What follows is a listing to transcribe exactly, leaving the pictures out.

DATA SHOWN:
========================================

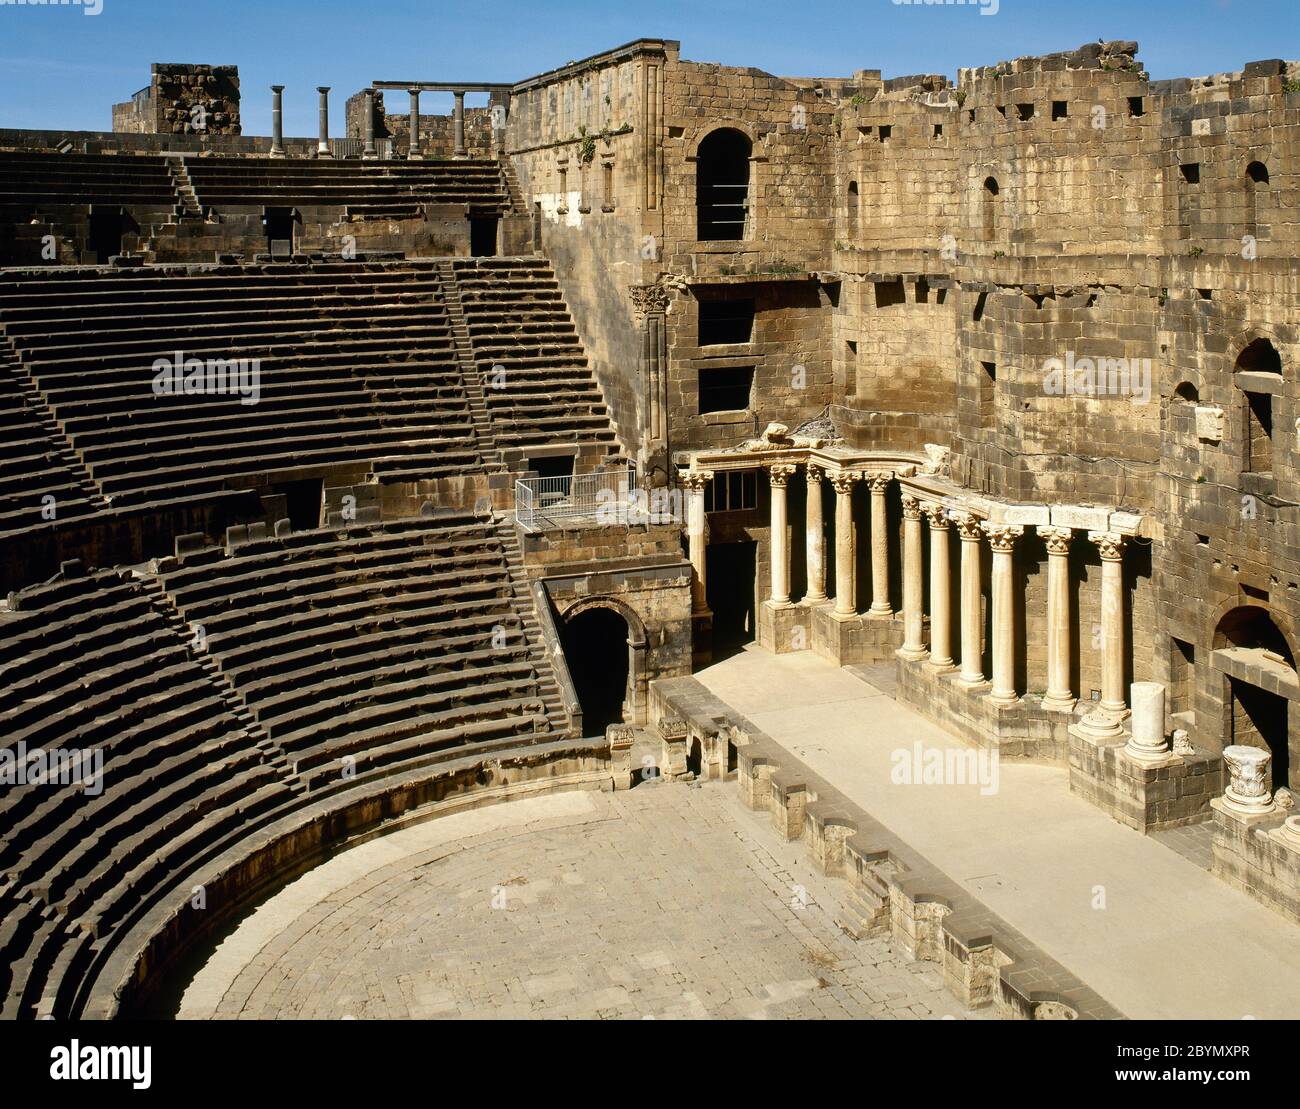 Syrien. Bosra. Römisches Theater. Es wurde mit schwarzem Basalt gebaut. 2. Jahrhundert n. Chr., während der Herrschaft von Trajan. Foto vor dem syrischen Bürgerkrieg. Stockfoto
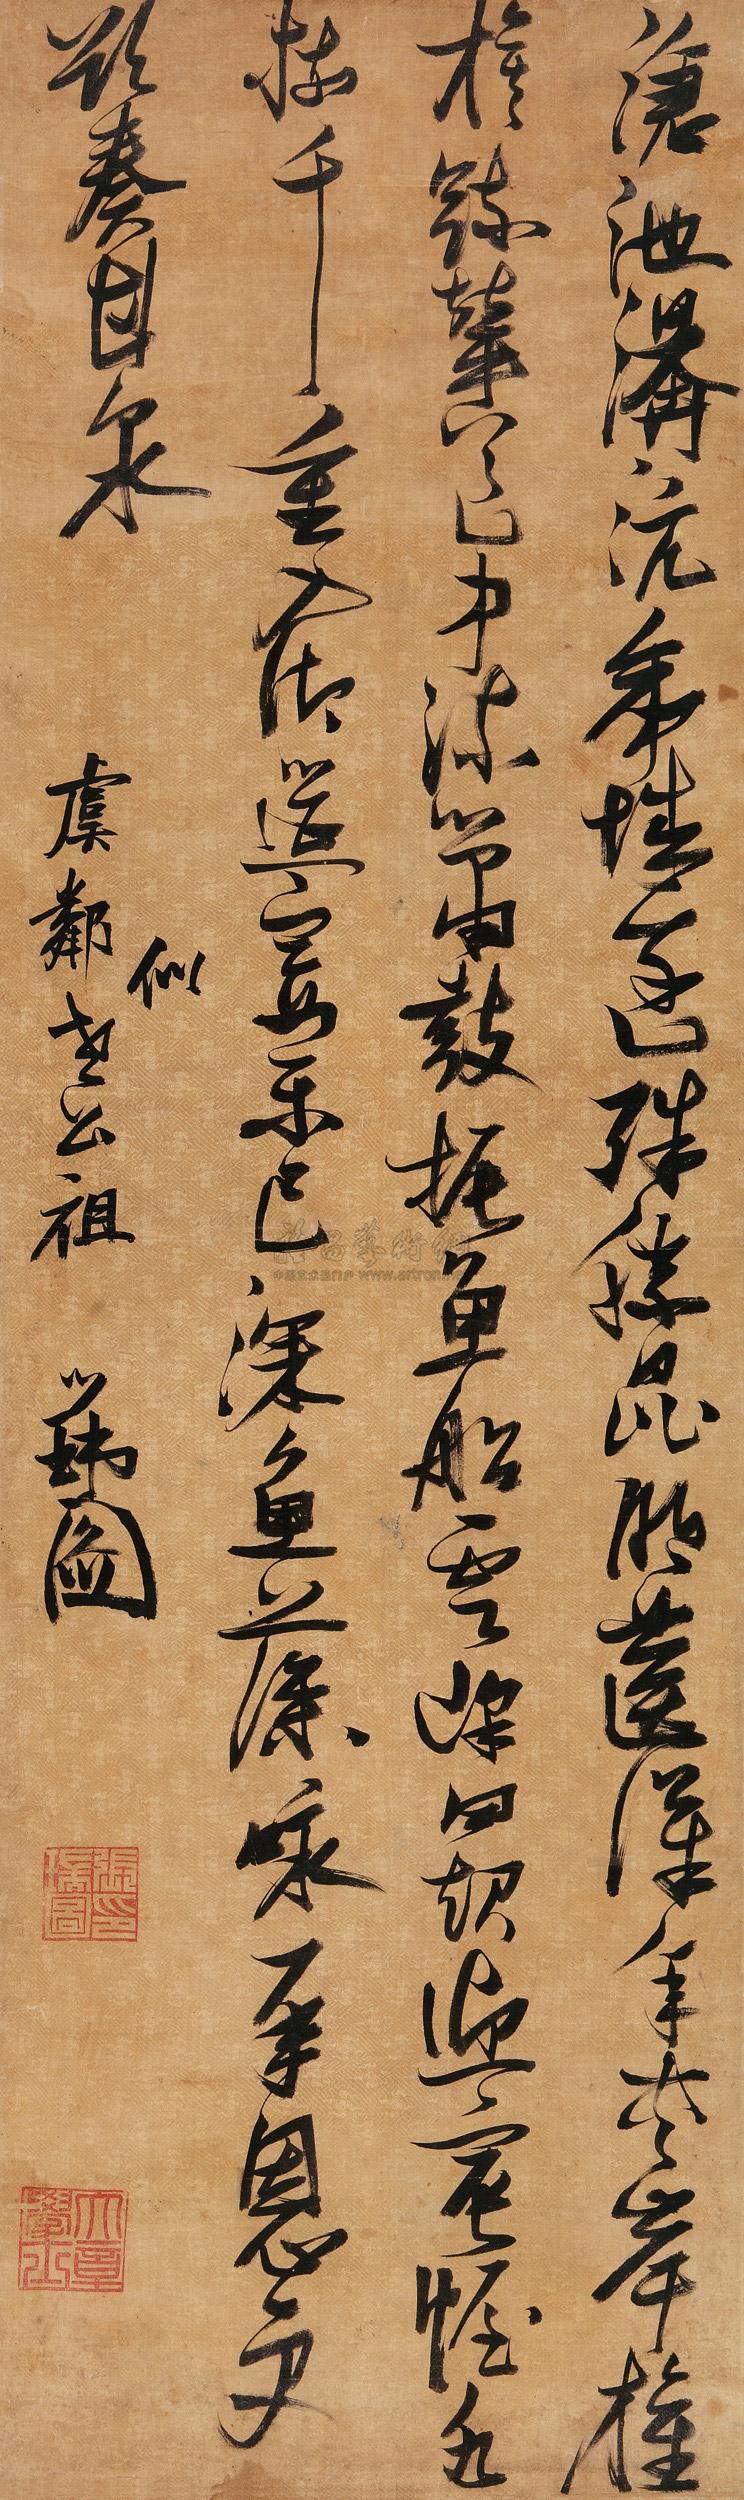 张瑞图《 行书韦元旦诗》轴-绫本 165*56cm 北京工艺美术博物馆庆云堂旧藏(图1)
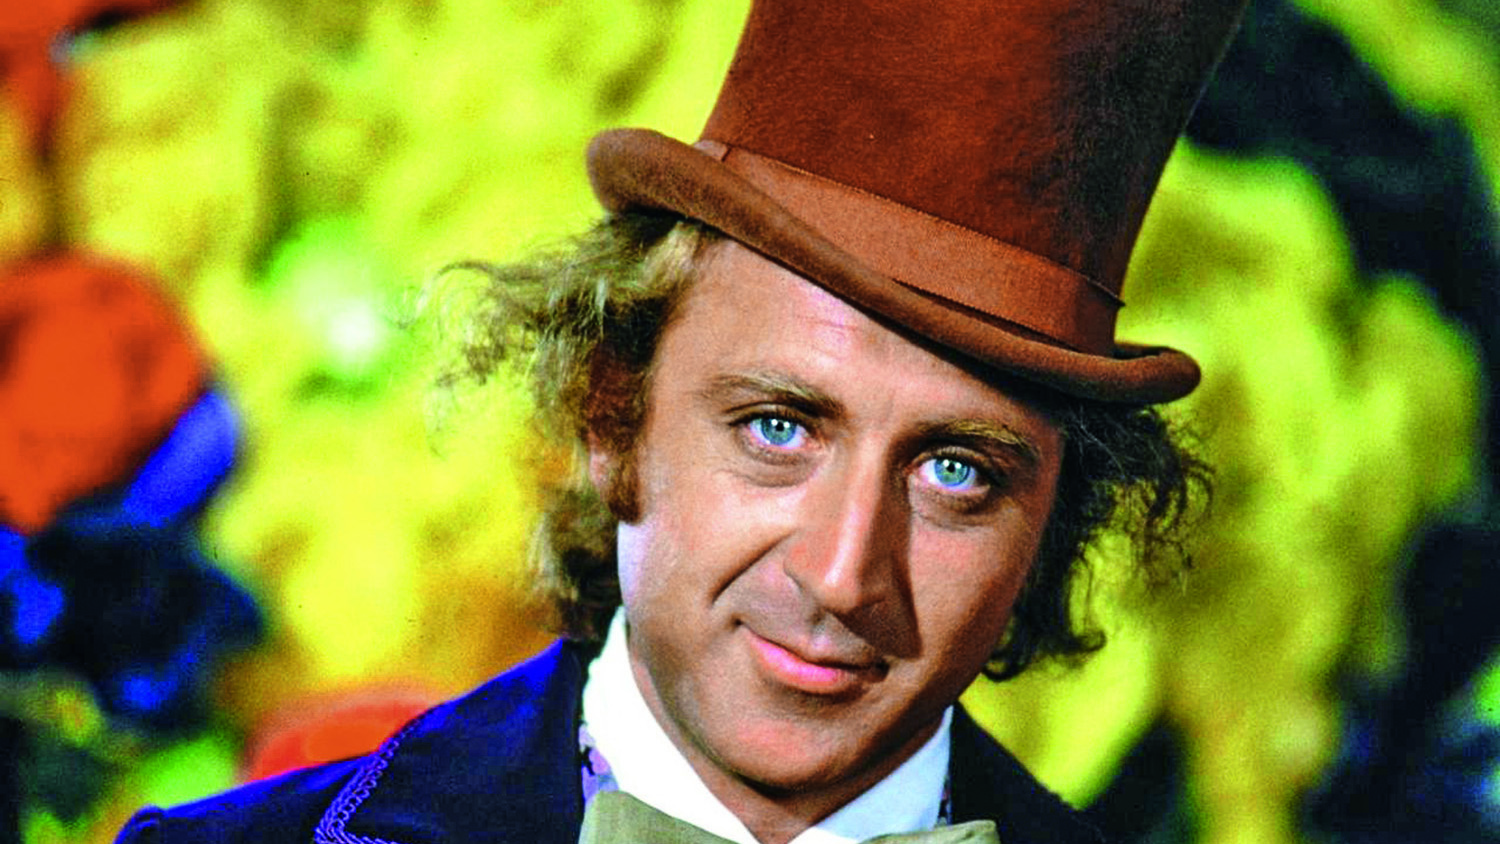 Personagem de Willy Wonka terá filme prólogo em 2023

========================================

ANSWER SPACE:
 Syrien. Bosra. Römisches Theater. Es wurde mit schwarzem Basalt gebaut. 2. Jahrhundert n. Chr., während der Herrschaft von Trajan. Foto vor dem syrischen Bürgerkrieg. Stockfoto
 张瑞图《 行书韦元旦诗》轴-绫本 165*56cm 北京工艺美术博物馆庆云堂旧藏(图1)
 Personagem de Willy Wonka terá filme prólogo em 2023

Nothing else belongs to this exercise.